17 Ağustos Depreminin 12. Yıldönümü

Jeoloji Mühendisleri Odası Adana Şube Başkanı Dr.

Mehmet Tatar, son yaşanan Simav depreminin, ülke olarak depremlere karşı hazır olmadığımızı bir kez daha gösterdiğini savundu. Tatar, asrın felaketi olarak nitelendirilen 17 Ağustos Gölcük Depremi`nin 12. yıldönümü dolayısıyla yaptığı yazılı açıklamada, doğanın insanları test etmeye devam ettiğini bildirdi.
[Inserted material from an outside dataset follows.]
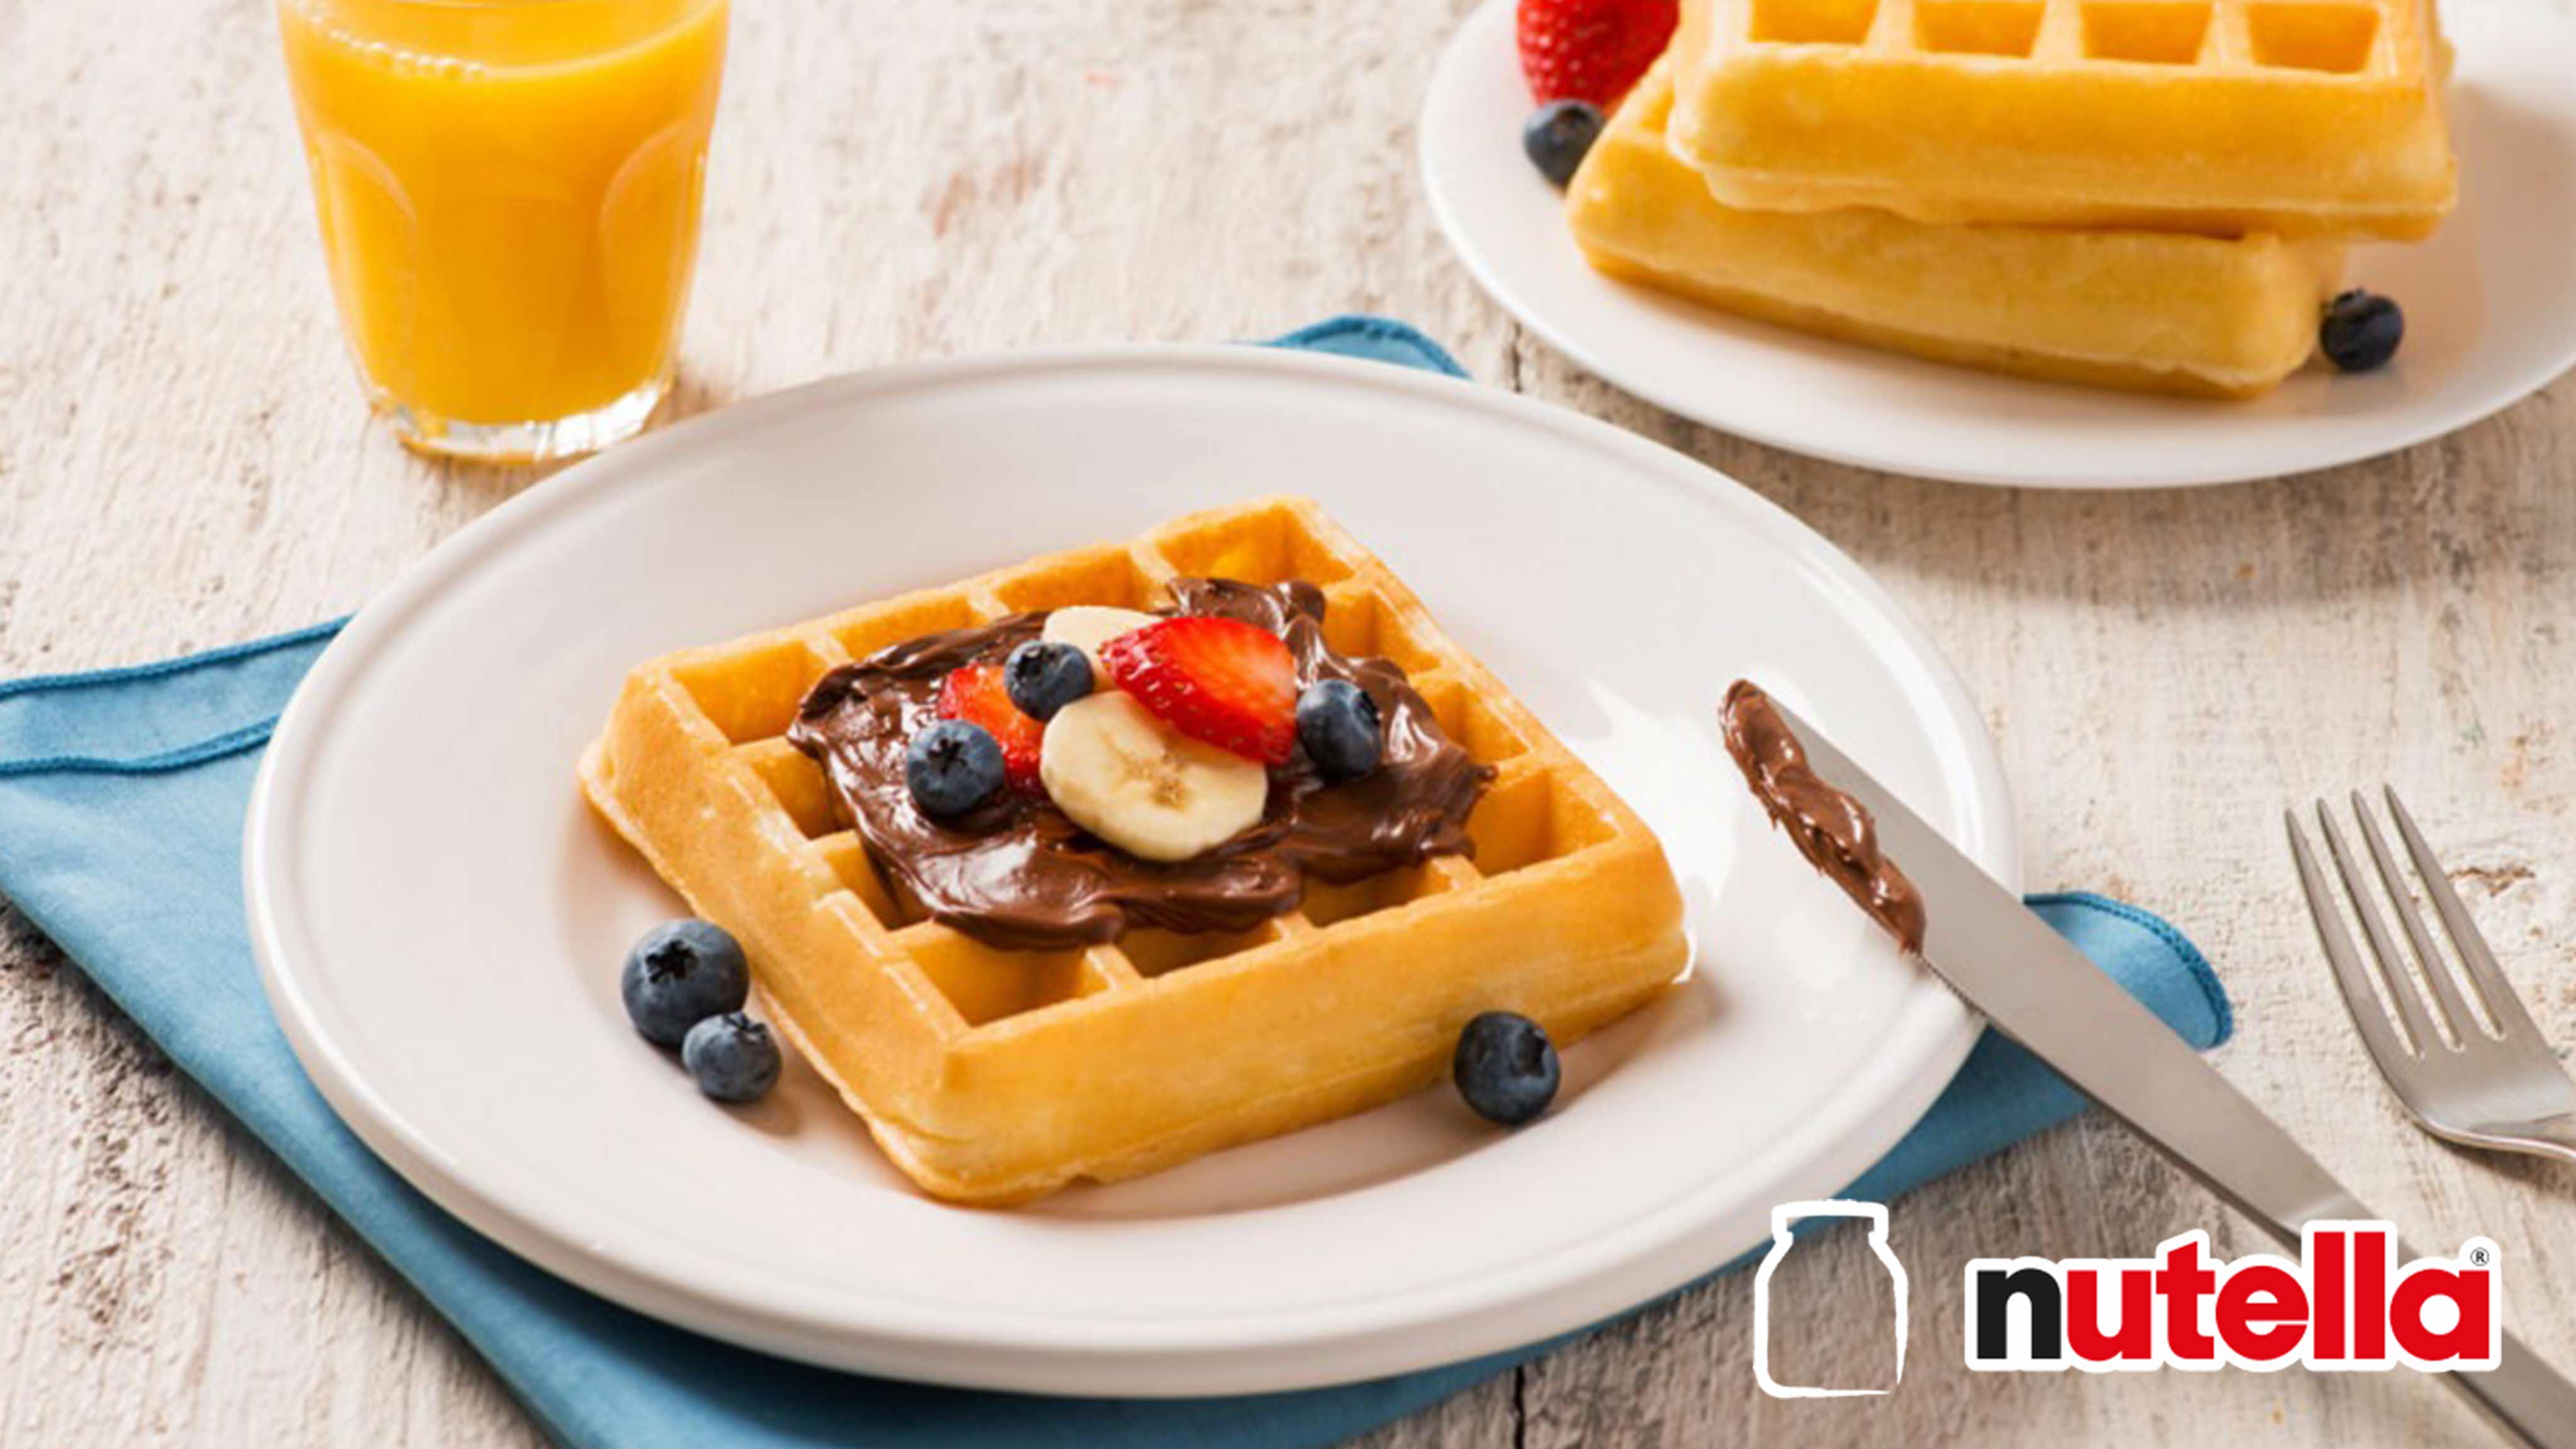 Image for Recipe Waffles with Nutella® hazelnut spread and Fruit

Depremin, Türkiye`nin jeolojik yapısı gereği yüzölçümünün yüzde 96`sını tehdit eden yadsınamaz bir gerçek olduğunu kaydeden Tatar, "Bu jeolojik gerçekliğin bilinmesine karşın, doğa olayının büyük bir afete dönüşmesinin ardından geçen 12 yıla rağmen bugün yaşadığımız çevrenin, afetlere karşı daha güvenli olduğunu söylemekmümkün değildir" dedi. 12 yıl boyunca yaptıkları araştırmaları kamuoyu ile paylaşmaya devam ettiklerini vurgulayan Tatar, tüm risklere karşı gereken önlemlerin alınmadığını savundu. Özellikle halkın afet bilinci ve afetlerle mücadele kültürünün değiştirilemediğini vurgulayan Tatar afetlere karşı çözüm yollarını sıralayarak, açıklamasında şu ifadelere yer verdi: "Odamız tarafından 2010 yılında yayınlanan "Deprem ve Deprem Yönetimi Raporu``nda da belirtildiği üzere afet yönetimi en yalın ifadesiyle bir planlama sorunu olduğu ve ivedilikle toplumsal ve yönetsel düzeyde tüm kaynakları zarar azaltma hedefine yönlendirecek şekilde bir afet yönetim sistemi ve stratejik planın geliştirilmesi gerektiği vurgulanmıştır. Afet yönetimin temel ilkelerinden biri olan ve afet güvenliği için son derece önemli olan imar, planlama, kentleşme, yapılaşma ile afet mevzuatıarasındaki bütünsellik göz ardı edilmiştir. Depremlere karşı güvenli yaşam için yapılması gerekenler sadece teknik bir sorun olarak algılanmış, depremle mücadelenin sosyo-ekonomik boyutu planlamanın dışında tutulmuştur. Eskiyen ve yıpranan yapıların yenilenerek kullanılması veya yıkılarak yenilenmesi süreçleri bugün yaşanan kentsel dönüşüm süreçlerinde olduğu gibi yoksulun elinden evinin alınması, düşük kamulaştırma bedeliyle mağdur edilmesi, kısaca kent merkezlerinden sürülmesi dışlanması ve rant amaçlı dönüşüme dönüşmesi yerine eskiyen yıpranan yapıların süratle yenilerinin yapılacağı bir süreç başlatılmalıdır. İyileştirilecek yenilenecek yapılar için düşük gelir gruplarına yönelik fon oluşturulmalıdır. Unutmamalıyızki doğanın şakası yoktur!"